Figura 13 –Campo de velocidade u(x, y, t) em [m/s] do escoamento bidimensional sobre o perfil


NACA 4404 em t = 100s para 0º.

O comportamento observado é compatível com o que era esperado da literatura,


já que, nesta faixa de Re, a camada limite na superfície dos perfis tende a separar-se e
recolar na região de transição. Esse processo viabiliza a formação da chamada bolha de
separação laminar (Mayle, 1991) próximo à superfície que ocorre, uma vez que a camada
limite laminar não consegue superar efeitos viscosos, associado à intensificação do
gradiente adverso de pressão. Com essa separação, a camada limite torna-se turbulenta,
aumentando sua energia e recolando novamente à superfície do aerofólio. Camadas
limites turbulentas necessitam de gradientes adversos de pressão mais intensos e severos
para descolar da superfície em relação às camadas laminares. As bolhas de recirculação
formadas são prejudiciais ao desempenho aerodinâmico do aerofólio. A tabela 2 mostra
os coeficientes aerodinâmicos médios calculados para o escoamento.
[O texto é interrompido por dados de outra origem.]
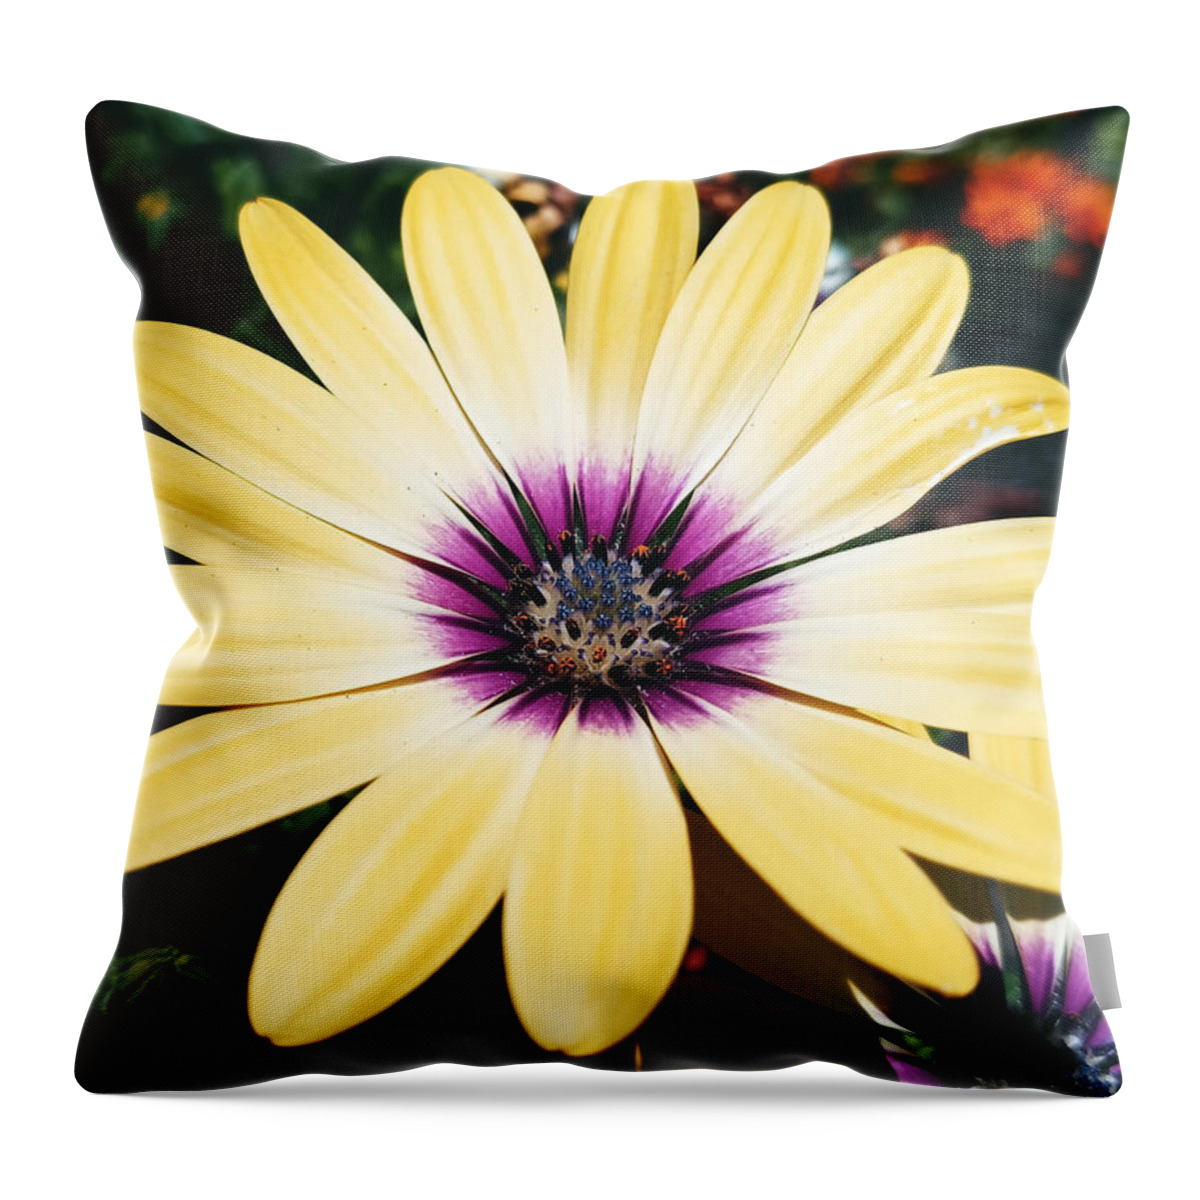 Flower Throw Pillow featuring the photograph Pretty Eyed Flower by Dani McEvoy
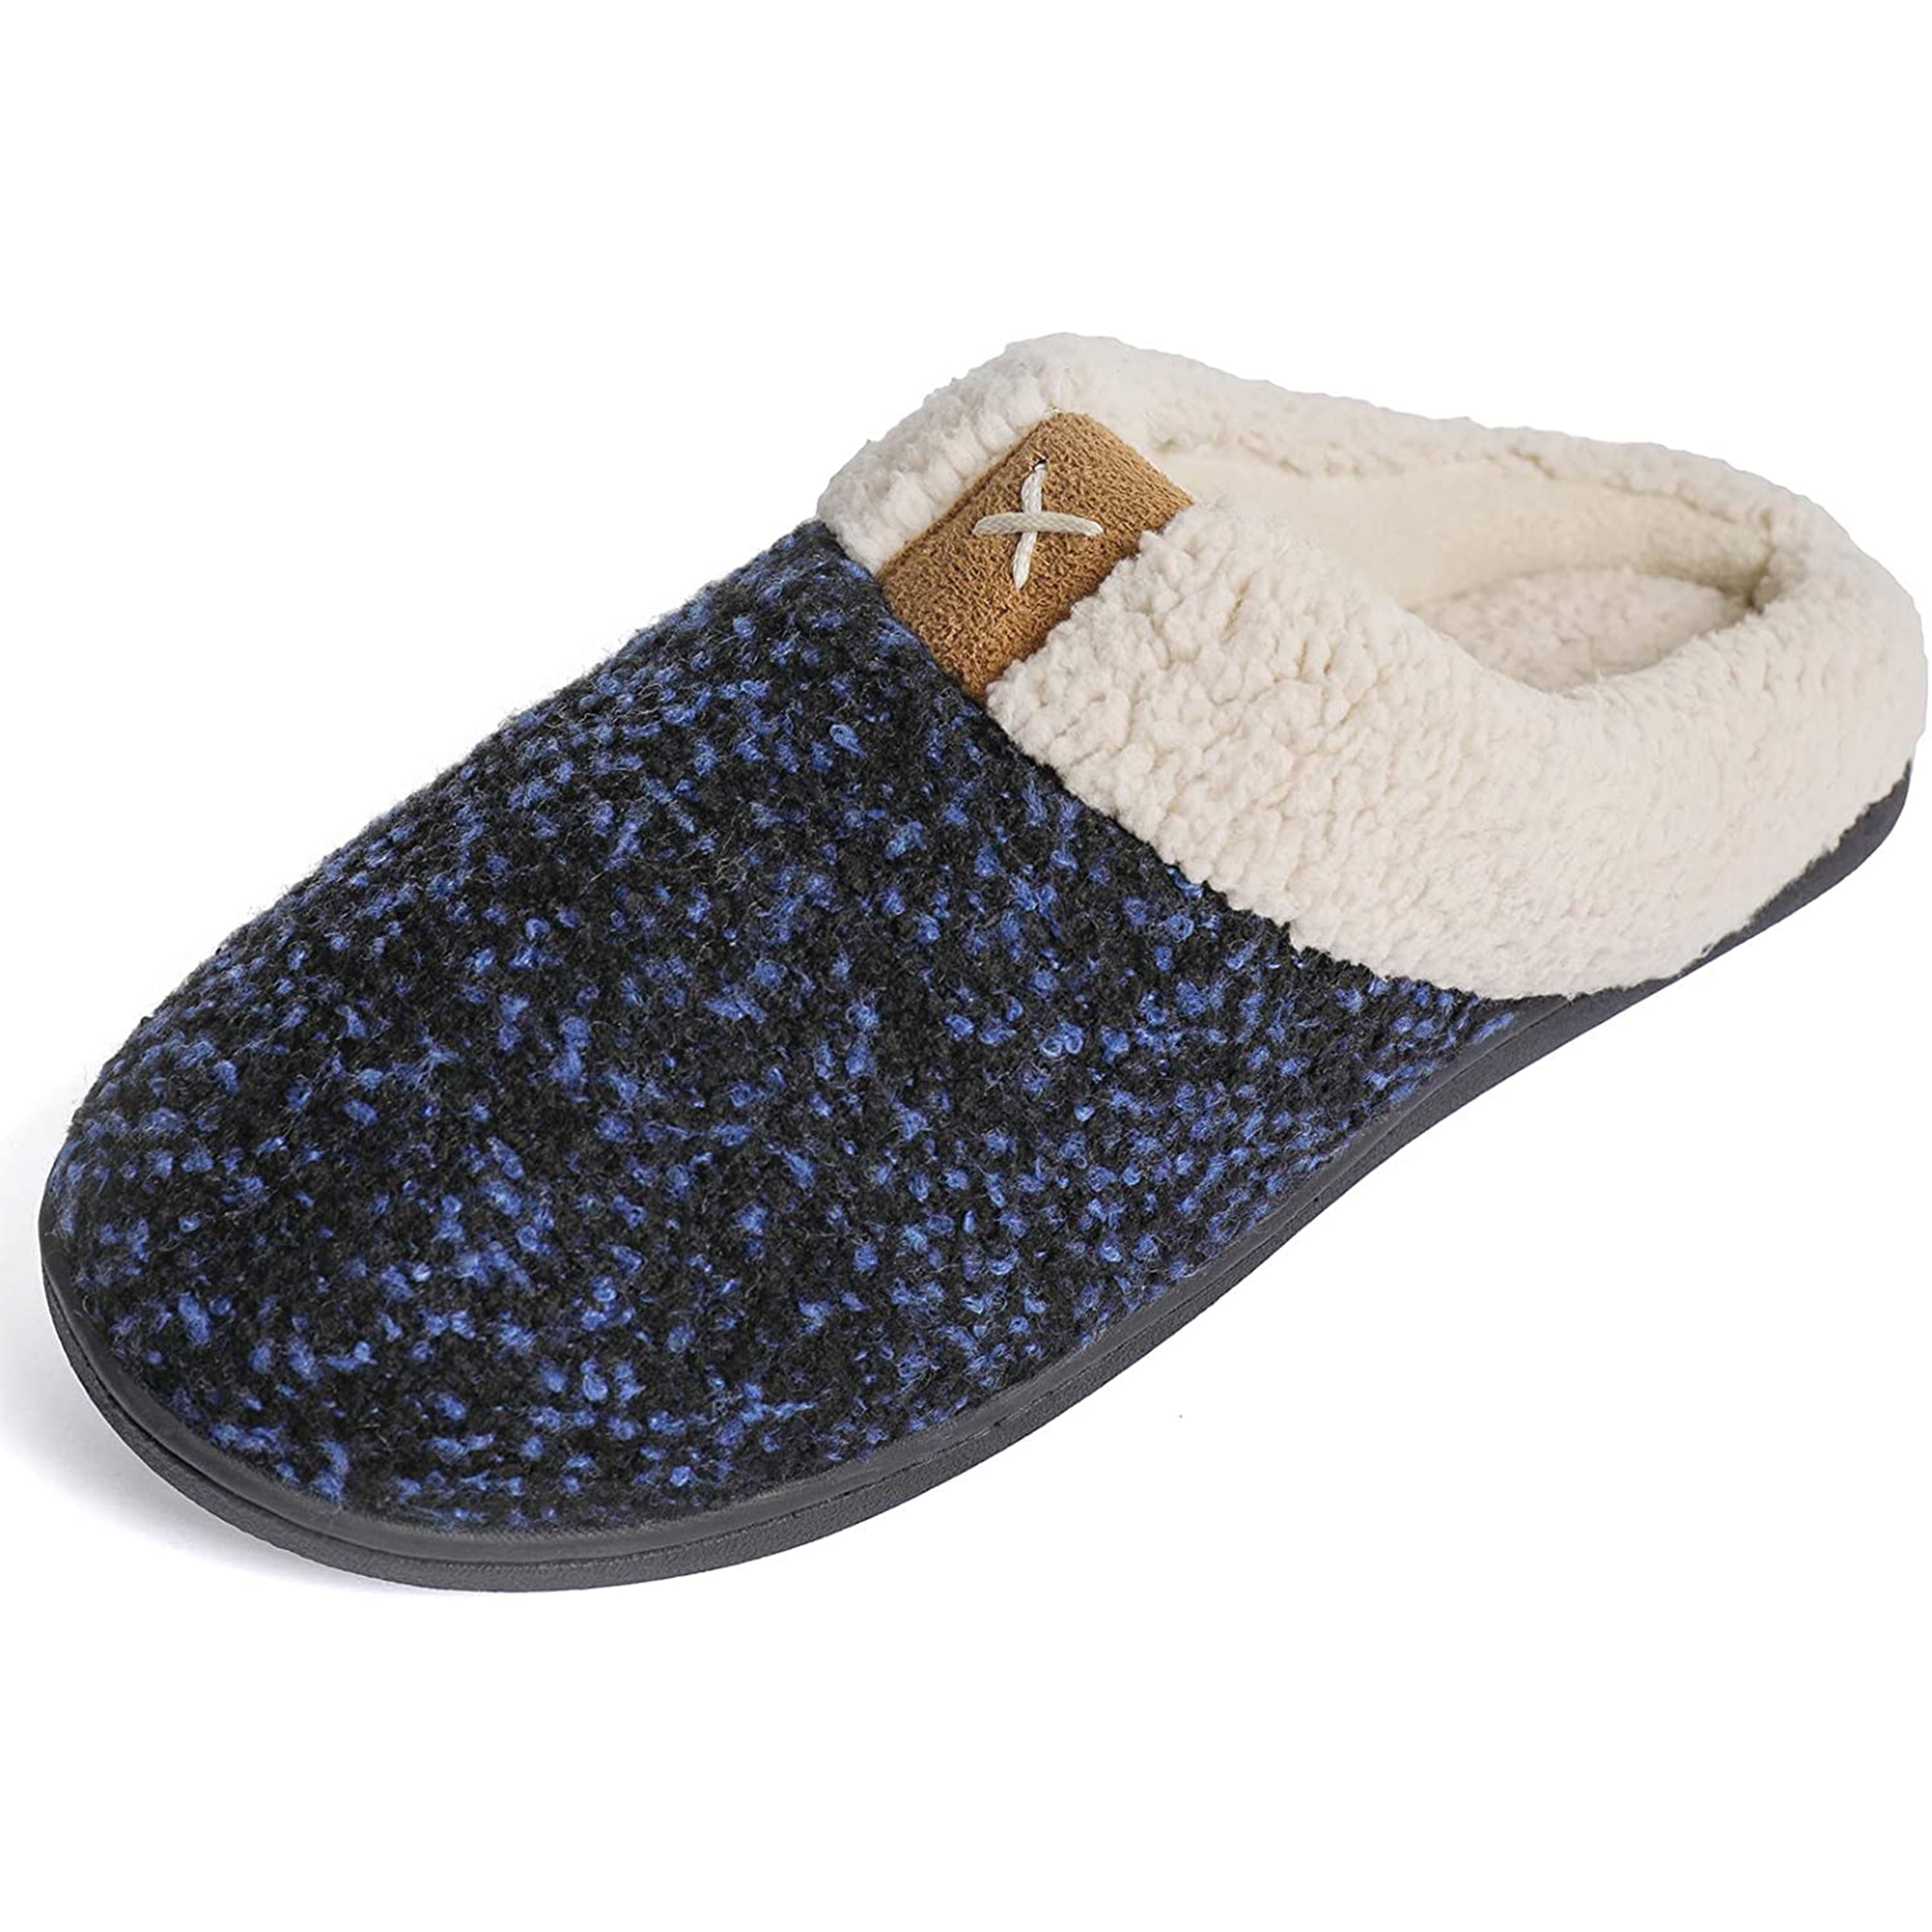 Womens Mens Cozy Memory Foam Slippers Fuzzy Wool-Like Plush Lined House Shoes w/Indoor Outdoor Anti-Skid Rubber Sole

Parâmetro aerodinâmico CL CD Erro CL Erro CD


Presente trabalho 0,0705 0.0356 66.400% 6.934%
Antonelli (2015) 0.2098 0,0383 – –

Tabela 2 – Coeficientes aerodinâmicos médios do perfil NACA 4404.

O arqueamento dos perfis assimétricos modifica a dinâmica de distribuição de


pressão entre o intradorso e extradorso, visto que, ao passar pela região superior, o
escoamento estará submetido à um maior gradiente de pressão adverso, sobretudo depois
de seu ponto de máxima curvatura. As instabilidades do escoamento turbulento neste
perfil não foram satisfatoriamente capturadas pela metodologia IMERSPEC, acarretando
alto erro no cálculo do coeficiente de sustentação. Porém, espera-se a obtenção de
resultados melhores com a investigação de uma forma mais adequada para o cálculo da
força da fronteira imersa no bordo de fuga do aerofólio, já vez que ela representa a região
de maior instabilidade numérica, além da adoção modelos de turbulência adequados.

Trabalhos futuros

Por natureza física, considerável parcela das aplicações da dinâmica de fluidos,


apresenta significativas complexidades. A simulação numérica destas aplicações, tanto
devido aos fenômenos físicos e seus efeitos, como ao número de graus de liberdade, é um
verdadeiro desafio. Destarte, muito empenho por parte dos pesquisadores tem sido
aplicado na integração de modelos matemáticos, métodos numéricos, modelos de
turbulência e técnicas de adaptação de malhas. Há amplo espaço para a pesquisa e
desenvolvimento novos modelos, técnicas, e novas abordagens para simular as mais
diversas aplicações da CFD.

O presente trabalho possibilita o seu progresso na realização de futuras simulações


numéricas com o uso de modelos de turbulência junto à metodologia IMERSPEC,
especificamente voltados para estudos numéricos em aerofólios e pás, obtendo, a
influência de efeitos de arrasto induzido e fenômenos fluidodinâmicos complexos que
surgem para elevados números de Reynolds, com atenção ao tempo computacional que
deve ser baixo custo, investindo em uma programação mais eficiente.